Shadow of the Silk Road

October 4, 2006 (Wednesday) / 5:00 pm6:30 pm

Rainey Auditorium, Penn Museum, 3260 South Street

Shadow of the Silk Road

Colin Thubron

Travel Writer

“My travel books spring from curiosity about worlds my generation has found threatening: China, Russia, Islam (and perhaps from a desire to humanize and understand them).” Mr. Thubron describes the journey he took along the ancient trade route from China through Central Asia, Afghanistan, and Iran to the Mediterranean, which led to his newest book, Shadow of the Silk Road. Don’t miss this celebration of the Silk Road's complex history and reflection on what it means to travel this storied trade route today.

Shadow of the Silk Road records a journey along the greatest land route on earth. Out of the heart of China into the mountains of Central Asia, across northern Afghanistan and the plains of Iran and into Kurdish Turkey, Colin Thubron travels from the Tomb of the Yellow Emperor (the mythic progenitor of the Chinese people) to the ancient Mediterranean port of Antioch, going by local bus, truck, car, donkey-cart or camel. He covers 7,000 miles in eight months – in perhaps the most difficult and ambitious journey he has undertaken on forty years on travel.

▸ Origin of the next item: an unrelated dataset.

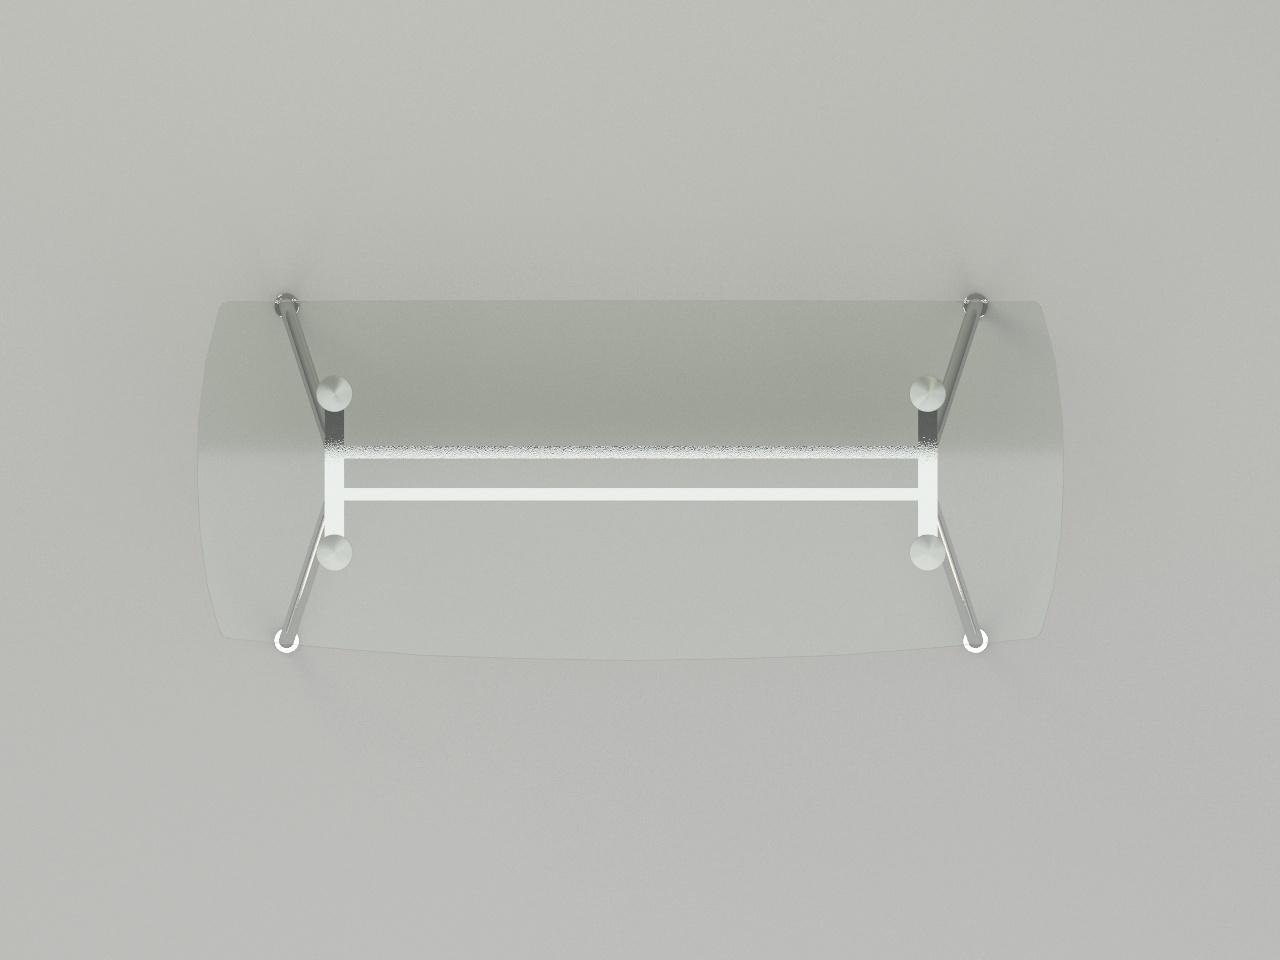 escritorio ejecutivo metal glass 180 x 80 cm

The Silk Road is a huge network of arteries splitting and converging across the breadth of Asia. To travel it is to trace the passage not only of trade and armies, but also of ideas, religions and inventions. Yet alongside this rich and astonishing past, Shadow of the Silk Road is also about Asia today—a continent in upheaval.

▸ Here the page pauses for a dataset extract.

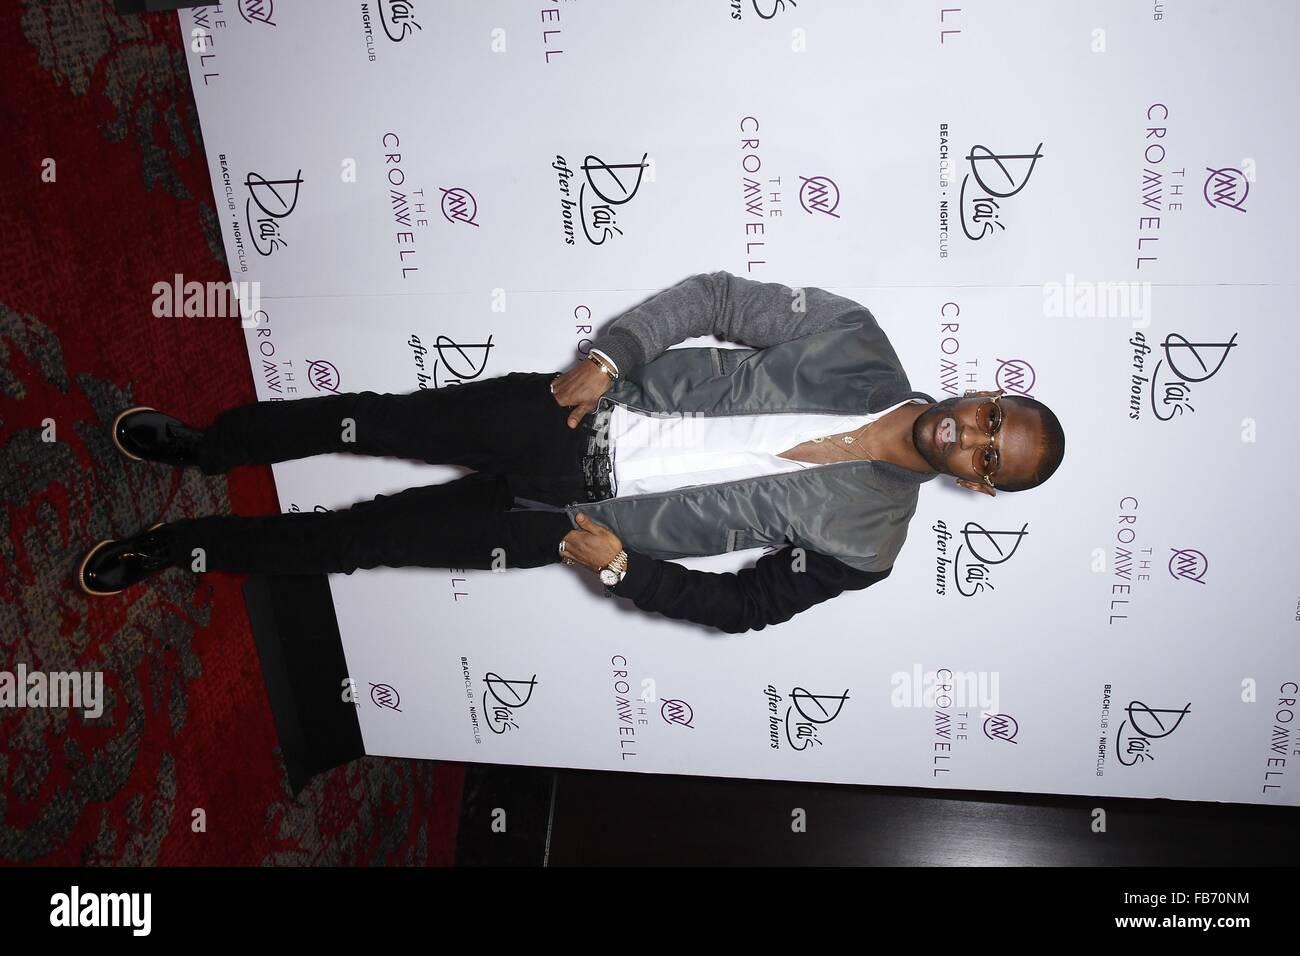 Las Vegas, NV, USA. 10th Jan, 2016. Big Sean at arrivals for Drai's LIVE Presents Big Sean at Drai's Nightclub Las Stock Photo

One of the trademarks of Colin Thubron’s travel writing is the beauty of his prose; another is his gift for talking to people and getting them to talk to him. Shadow of the Silk Road encounters Islamic countries in many forms. It is about changes in China, transformed since the Cultural Revolution. It is about false nationalisms and the world’s discontented margins, where the true boundaries are not political borders but the frontiers of tribe, ethnicity, language and religion. It is a magnificent and important account of an ancient world in modern ferment.